Litvak se puso de pie y cruzó chapoteando el suelo de baldosas hasta detenerse junto al rabino. Hombres desnudos cargando con las historias de sus cuerpos destrozados. Cada uno de ellos, a su manera, arruinado y solo. Litvak estiró el brazo y, con toda la fuerza y la inspiración de esa soledad, y con la punta del dedo, escribió dos palabras en el vapor que se había condensado en el cuadrado blanco de un baldosín.

El rabino las leyó y levantó la vista, y las palabras se volvieron a cubrir de gotas y desaparecieron.

—Mi hijo —dijo el rabino.

«Es más que un juego —escribió ahora Litvak, en la oficina del estrecho de Peril, mientras él y Roboy esperaban la llegada de aquel hijo díscolo e irredento—. Yo prefiero luchar para llevarme un premio aunque sea dudoso que esperar a ver qué migajas me echan.»

—Supongo que en alguna parte de eso hay un credo —dijo Roboy—. Tal vez todavía haya esperanza en usted.

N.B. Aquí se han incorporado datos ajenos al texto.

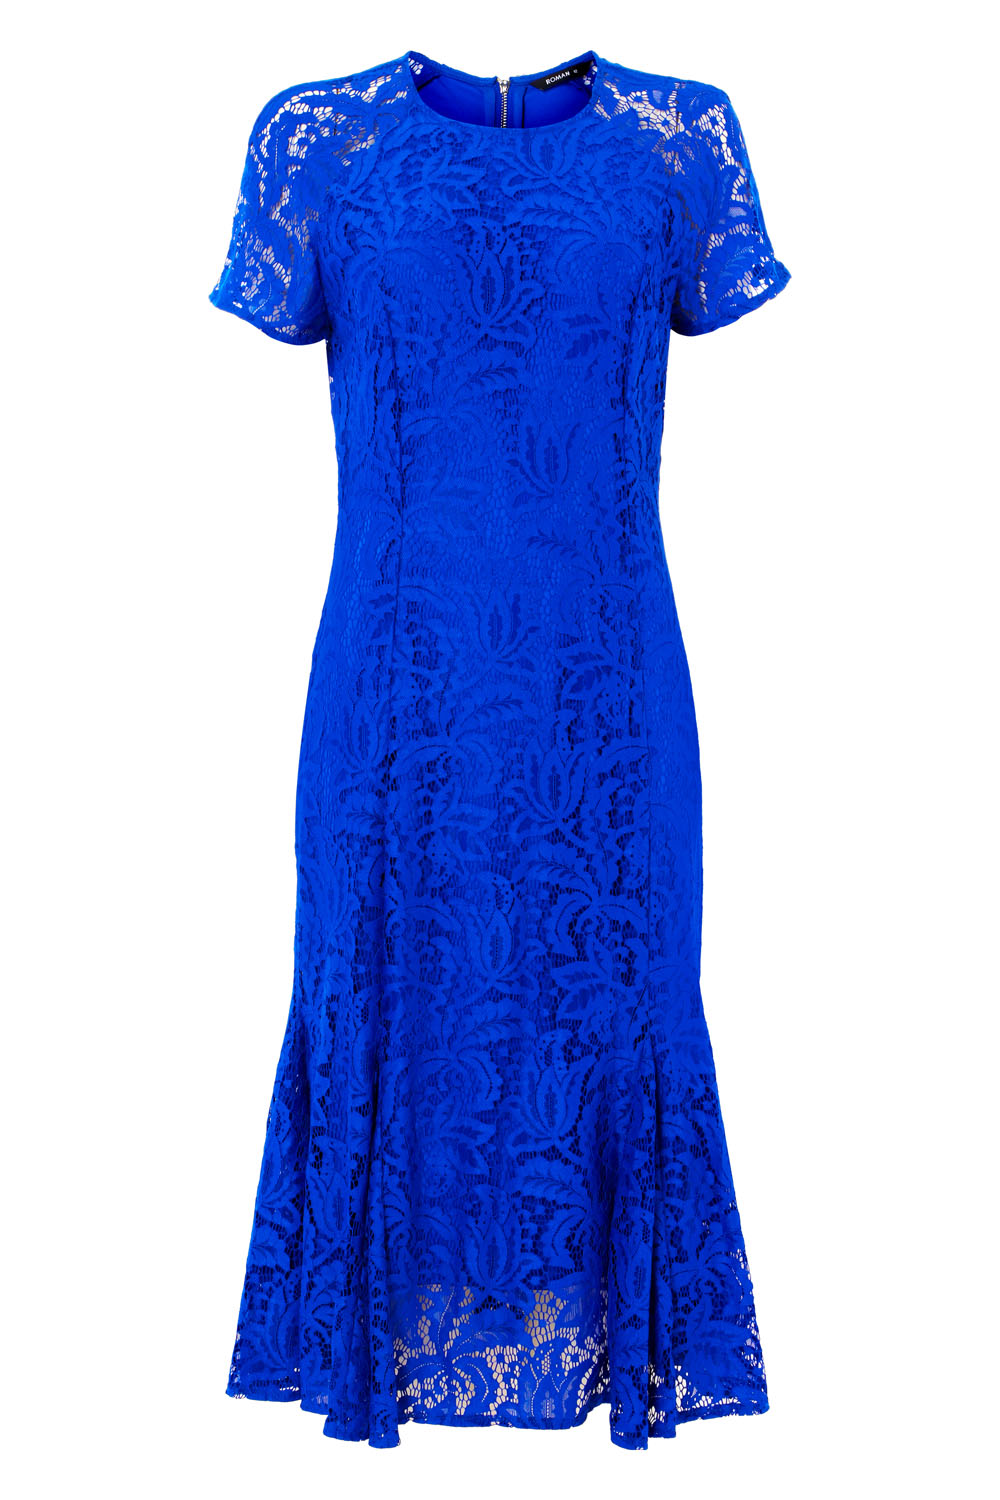 Flute Hem Lace Midi Dress in Royal Blue - Roman Originals UK

A cambio de proporcionarles mano de obra, un Mesías y más financiación de la que podrían imaginarse, lo único que les pidió alguna vez Litvak a sus socios, clientes, jefes y socios en aquella empresa fue que nunca esperaran que él se creyera las tonterías en que creían ellos. Allí donde ellos veían el fruto de los deseos divinos en una vaquilla roja recién nacida, él veía el producto de un millón de dólares en dinero del contribuyente gastados secretamente en semen de toro y fertilización in vitro. En la quema final de aquella vaquilla roja, ellos veían la purificación de todo Israel y el cumplimiento de una promesa que tenía milenios de antigüedad. Litvak veía, como mucho, una maniobra necesaria dentro de una partida muy antigua: la supervivencia de los judíos.

«Oh, yo no diría tanto.»

Se oyeron golpes en la puerta y Micky Vayner asomó la cabeza.

—He venido a recordarle aquello, señor —dijo con su buen hebreo de americano.

Litvak miró con cara inexpresiva aquella cara rosada con sus párpados pelados y su barbilla blanda de bebé.

—Cinco minutos para la puesta del sol. Me dijo usted que se lo recordara.

Litvak fue a la ventana. El cielo tenía rayas en los mismos tonos rosado, verde y gris luminoso que la piel de un salmón. Estaba claro, veía una estrella o un planeta en lo alto. Hizo un gesto de agradecimiento con la cabeza en dirección a Micky Vayner. Luego cerró la caja del ajedrez y engarzó el cierre.